● **Data segment**:

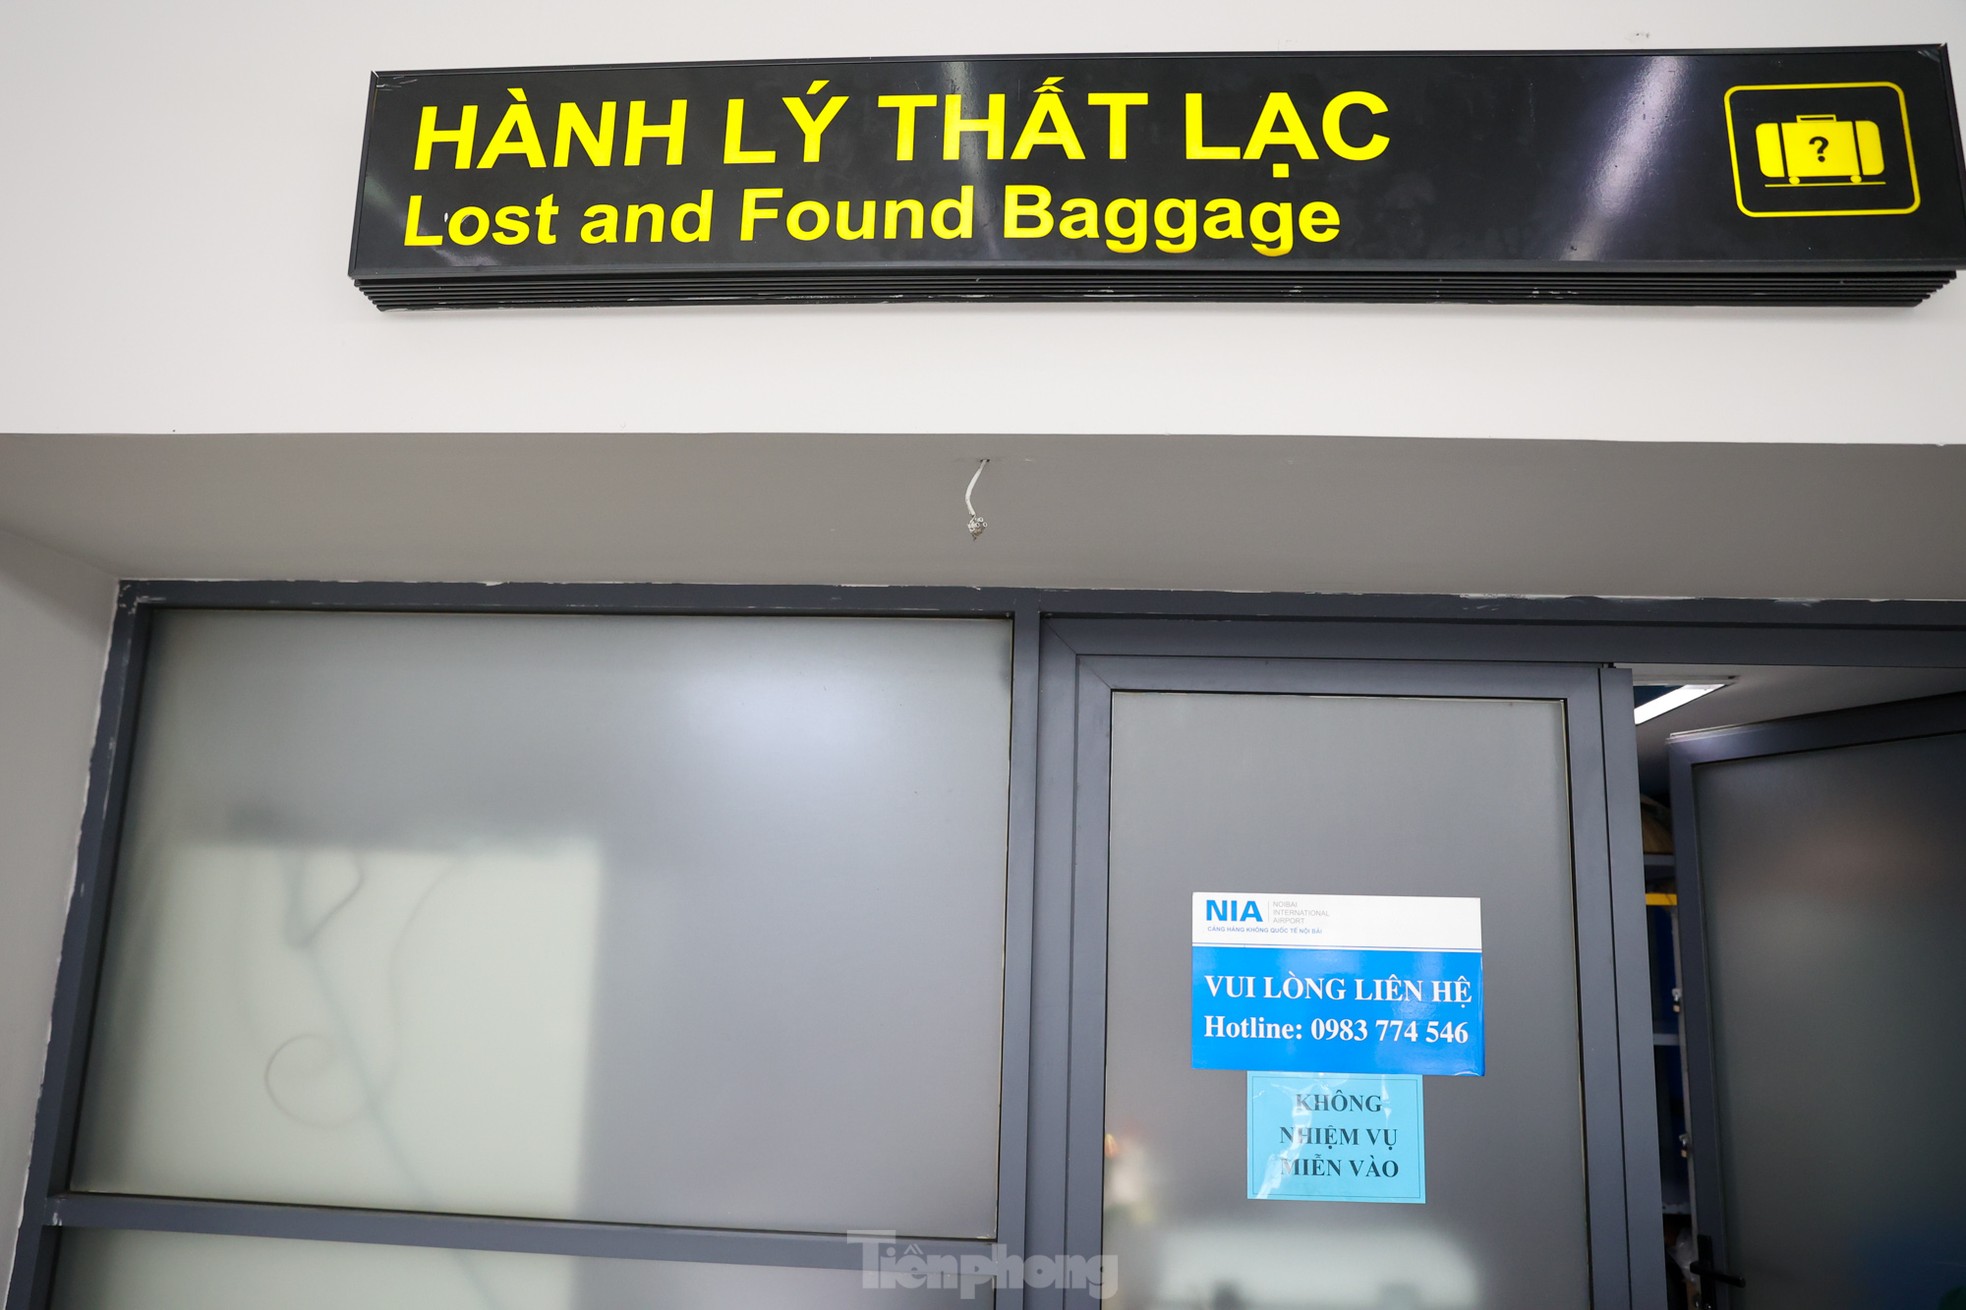 Kho hành lý thất lạc đầy ắp ở sân bay Nội Bài, cách nào để hành khách tìm lại nhanh nhất? - Ảnh 3.
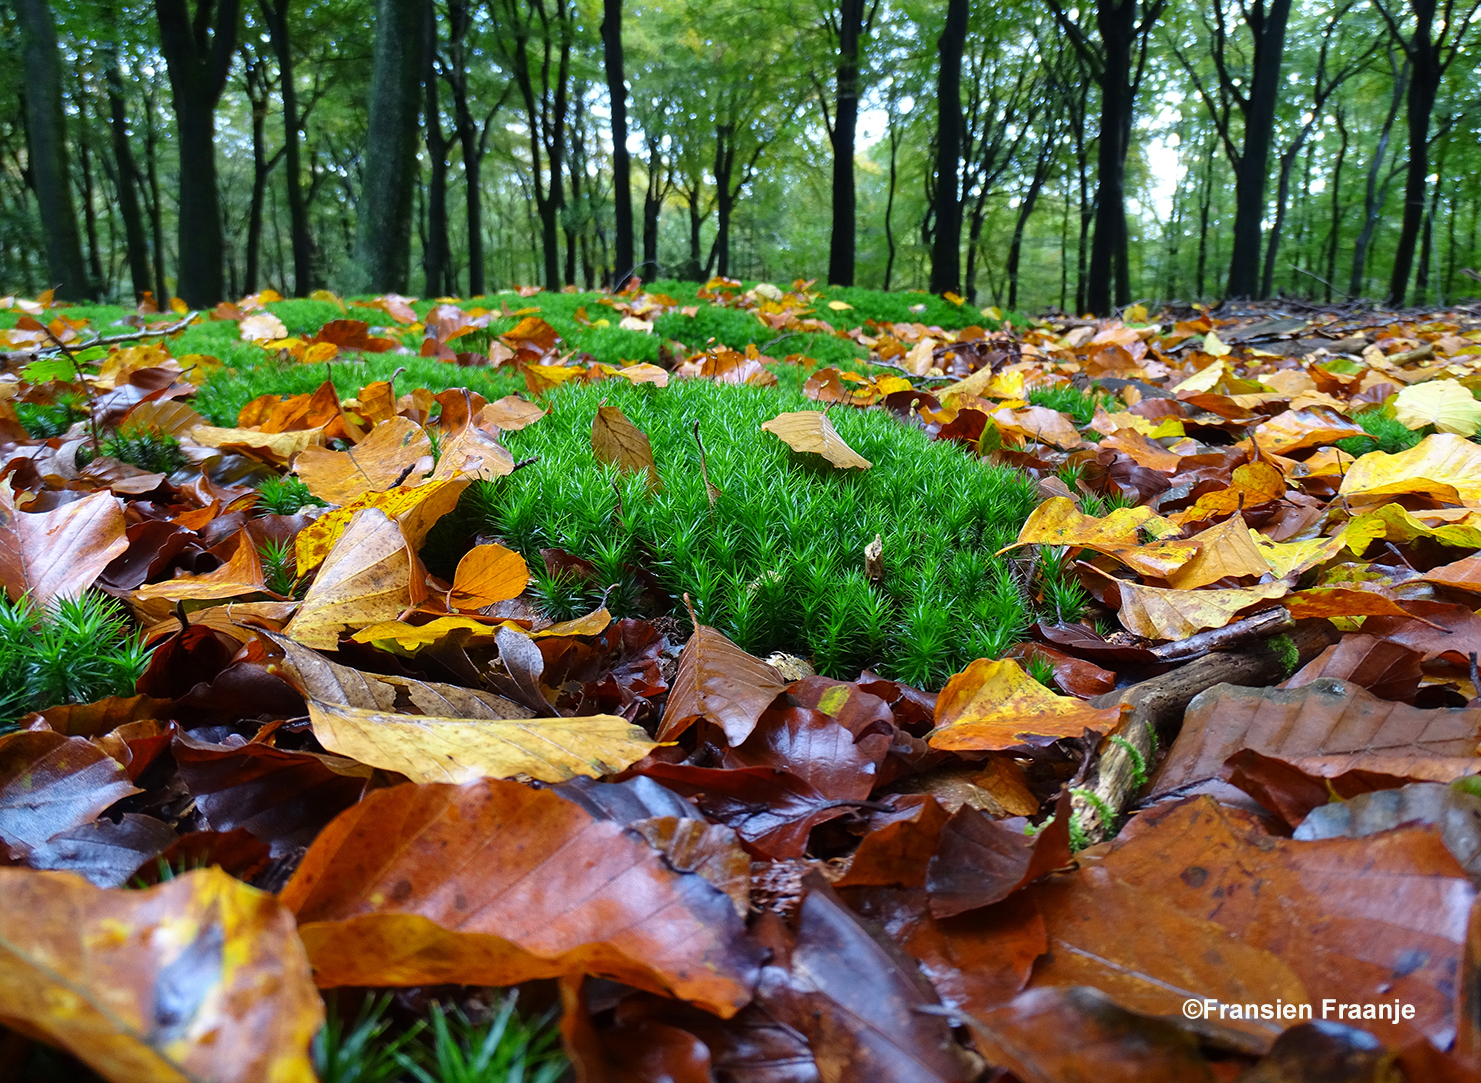  Een klein groen tapijtje tussen de gouden herfstbladeren - Foto: ©Fransien Fraanje.
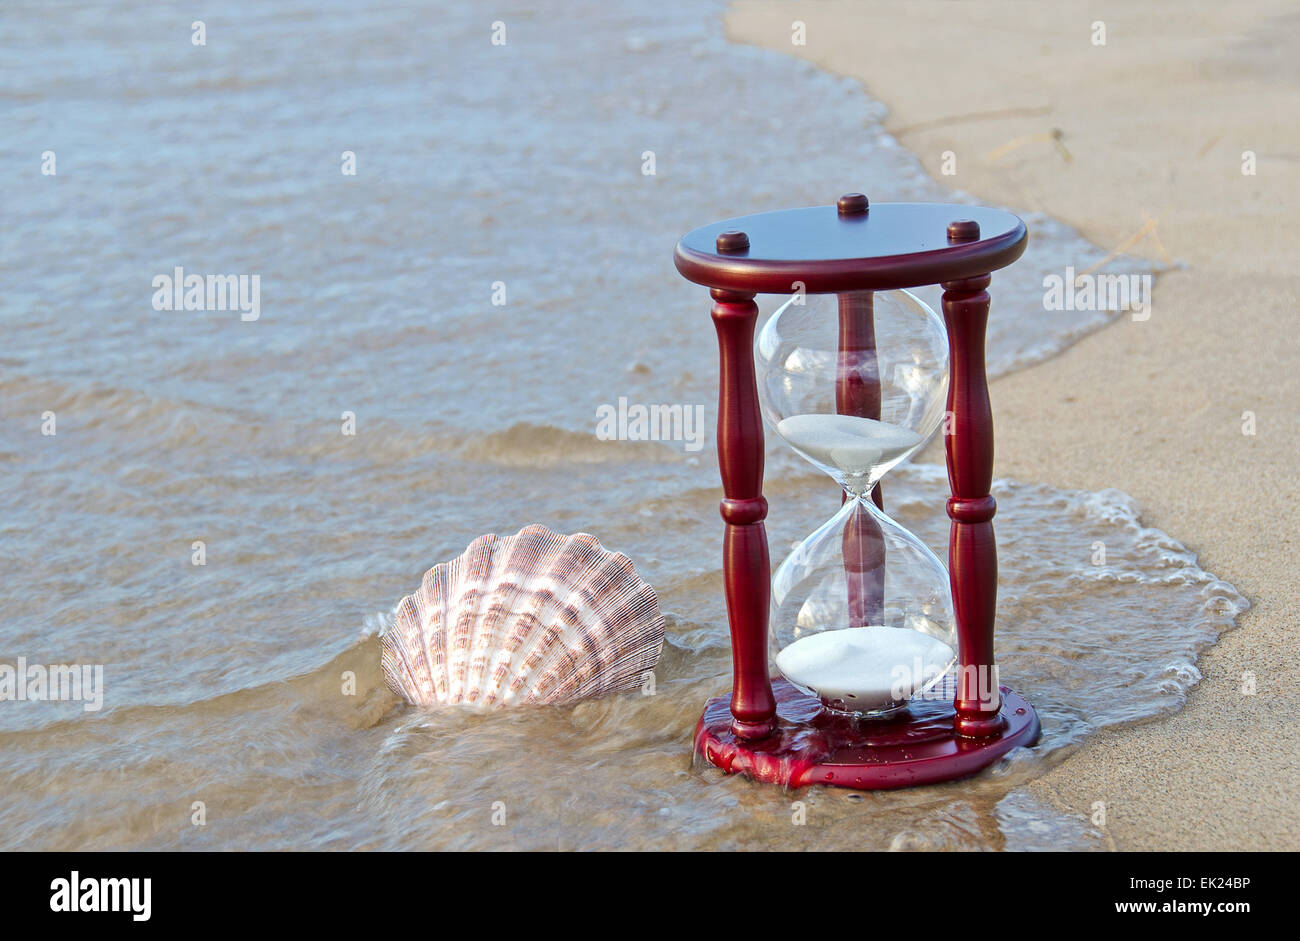 Guilhemroux avec minuterie de sable sur une plage. Banque D'Images

● **What the task requires**: Write the material out again exactly. Skip each picture.

● **Result of the exercise**:
 Kho hành lý thất lạc đầy ắp ở sân bay Nội Bài, cách nào để hành khách tìm lại nhanh nhất? - Ảnh 3.
  Een klein groen tapijtje tussen de gouden herfstbladeren - Foto: ©Fransien Fraanje.
 Guilhemroux avec minuterie de sable sur une plage. Banque D'Images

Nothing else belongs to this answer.